WORK INSTRUCTIONS:
Under this line are the records; repeat exactly the lines starting at the one containing "Bespoke soft furnishings in bedroom" and ending at the one containing "200 kVA 3PH", omitting pictures.

PROVIDED ENTRIES:
BEGIN
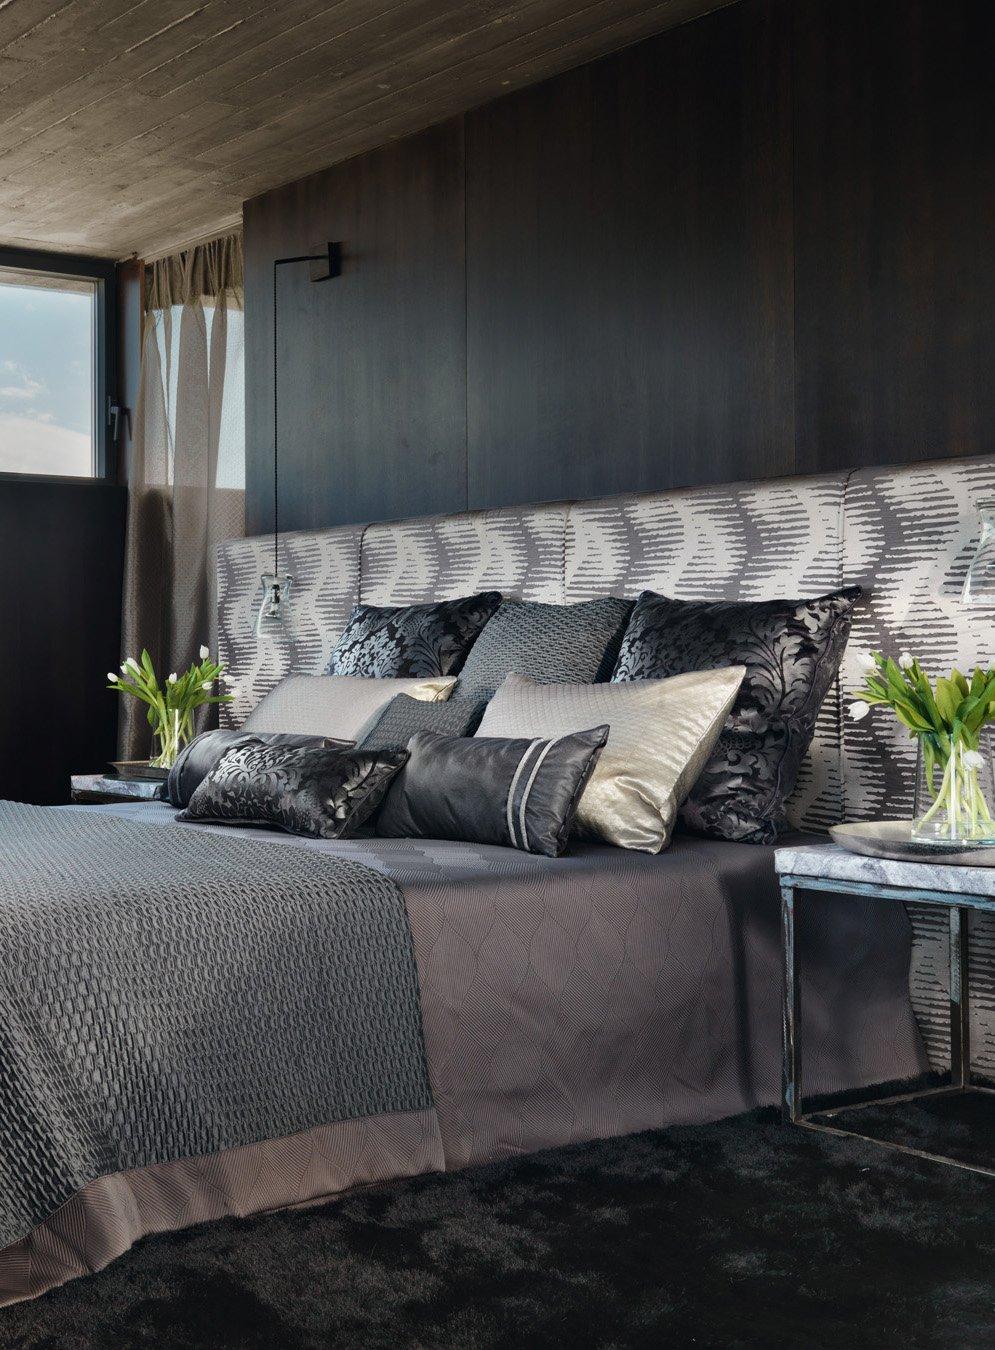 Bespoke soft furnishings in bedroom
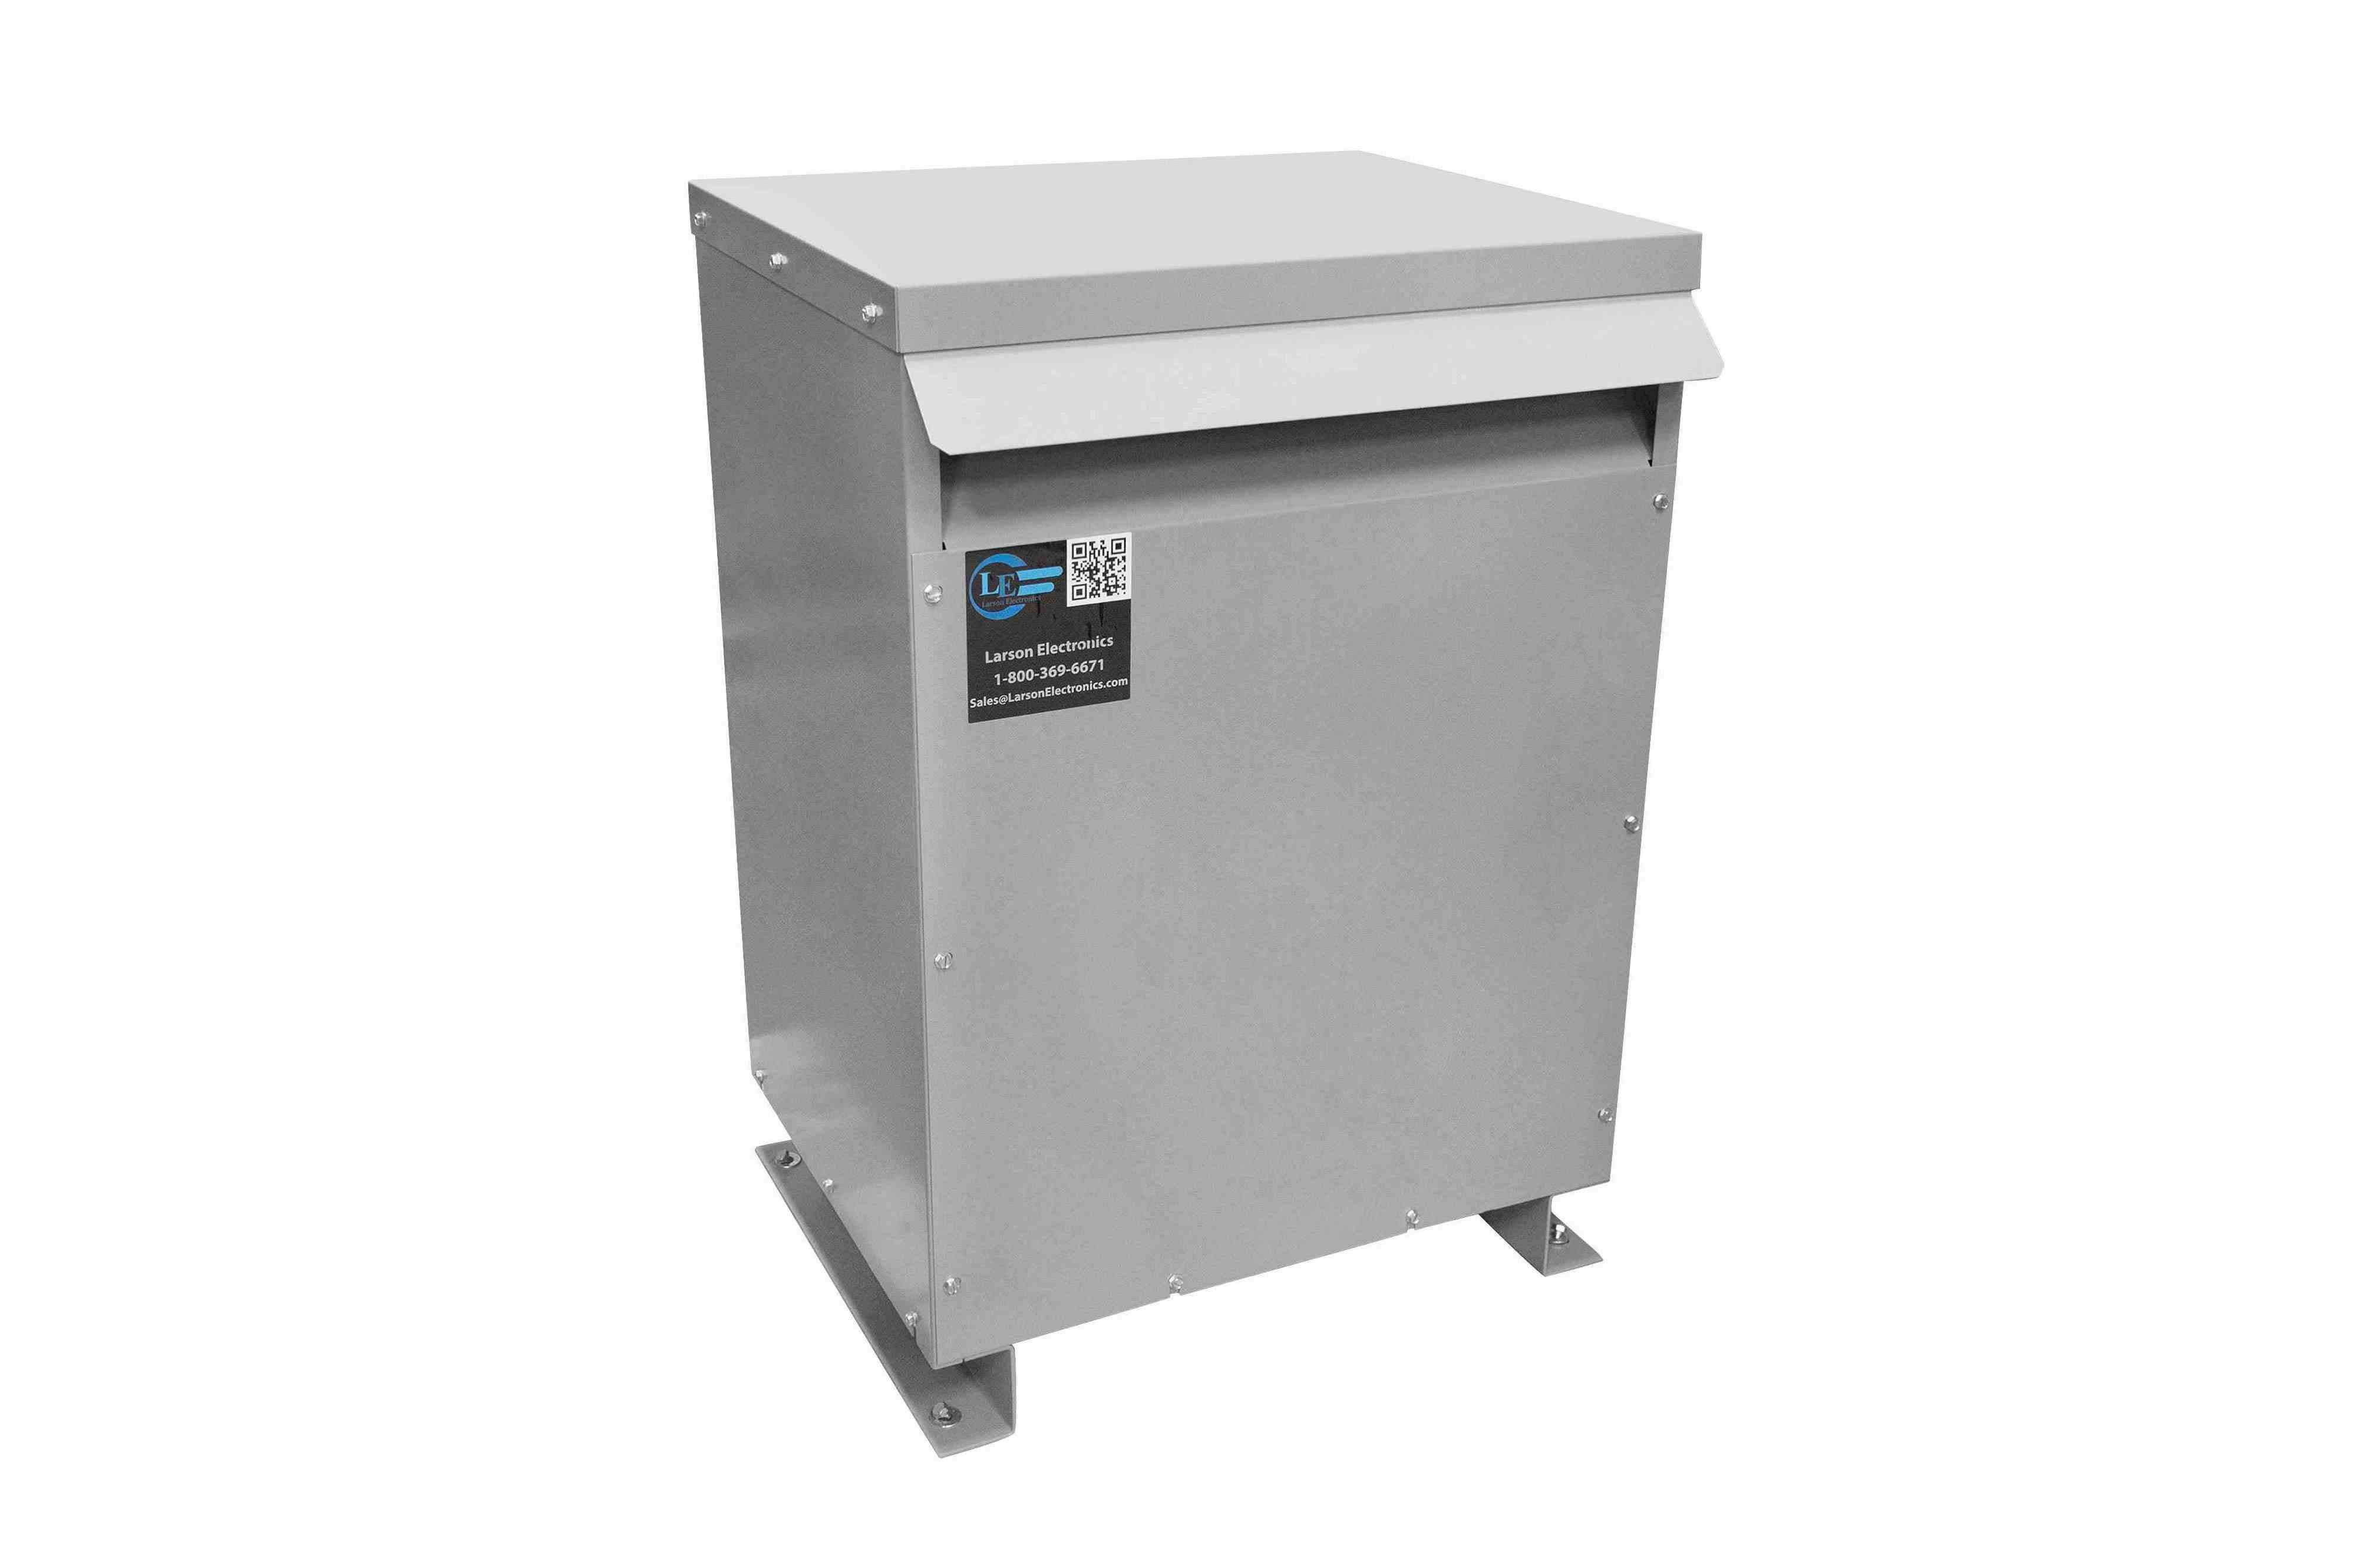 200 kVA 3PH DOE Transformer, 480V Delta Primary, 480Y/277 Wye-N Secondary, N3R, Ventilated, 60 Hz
END
BEGIN
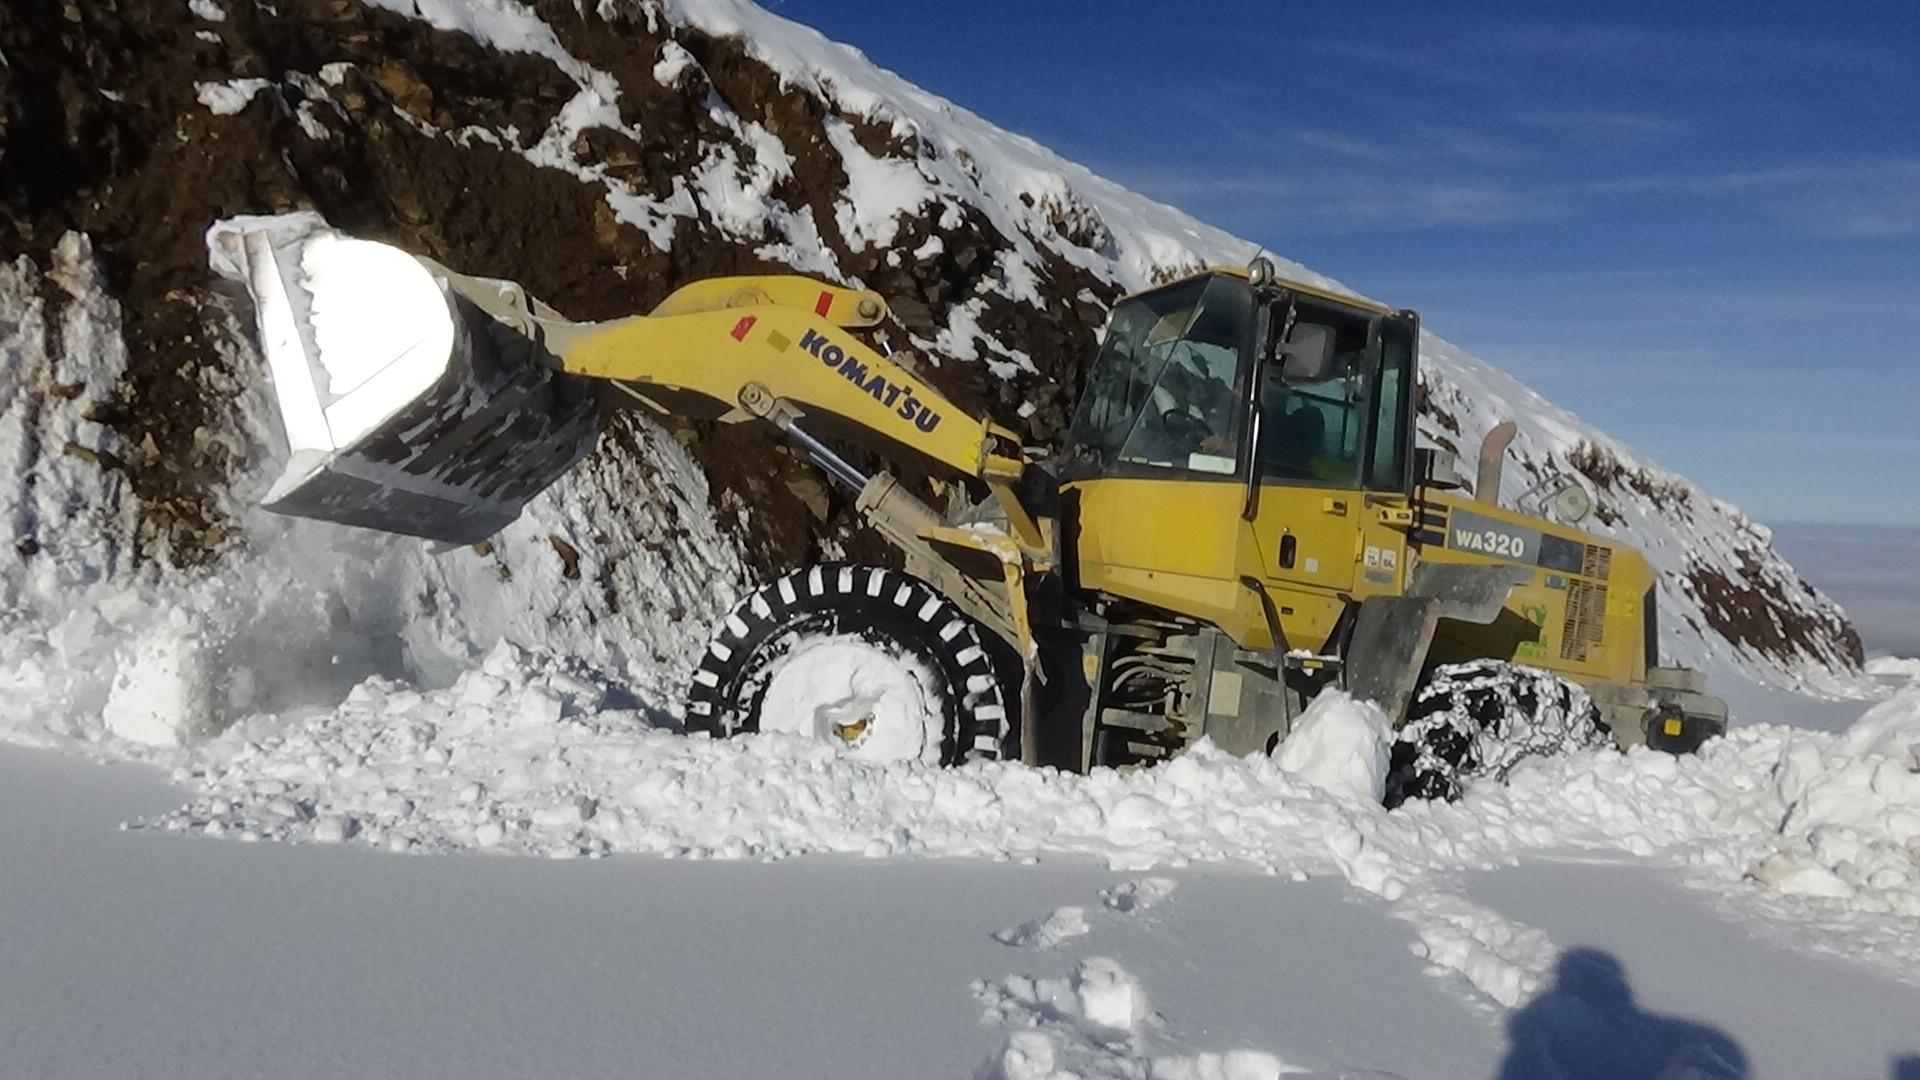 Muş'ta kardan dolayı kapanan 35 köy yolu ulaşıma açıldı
END
RESULT:
 Bespoke soft furnishings in bedroom
 200 kVA 3PH DOE Transformer, 480V Delta Primary, 480Y/277 Wye-N Secondary, N3R, Ventilated, 60 Hz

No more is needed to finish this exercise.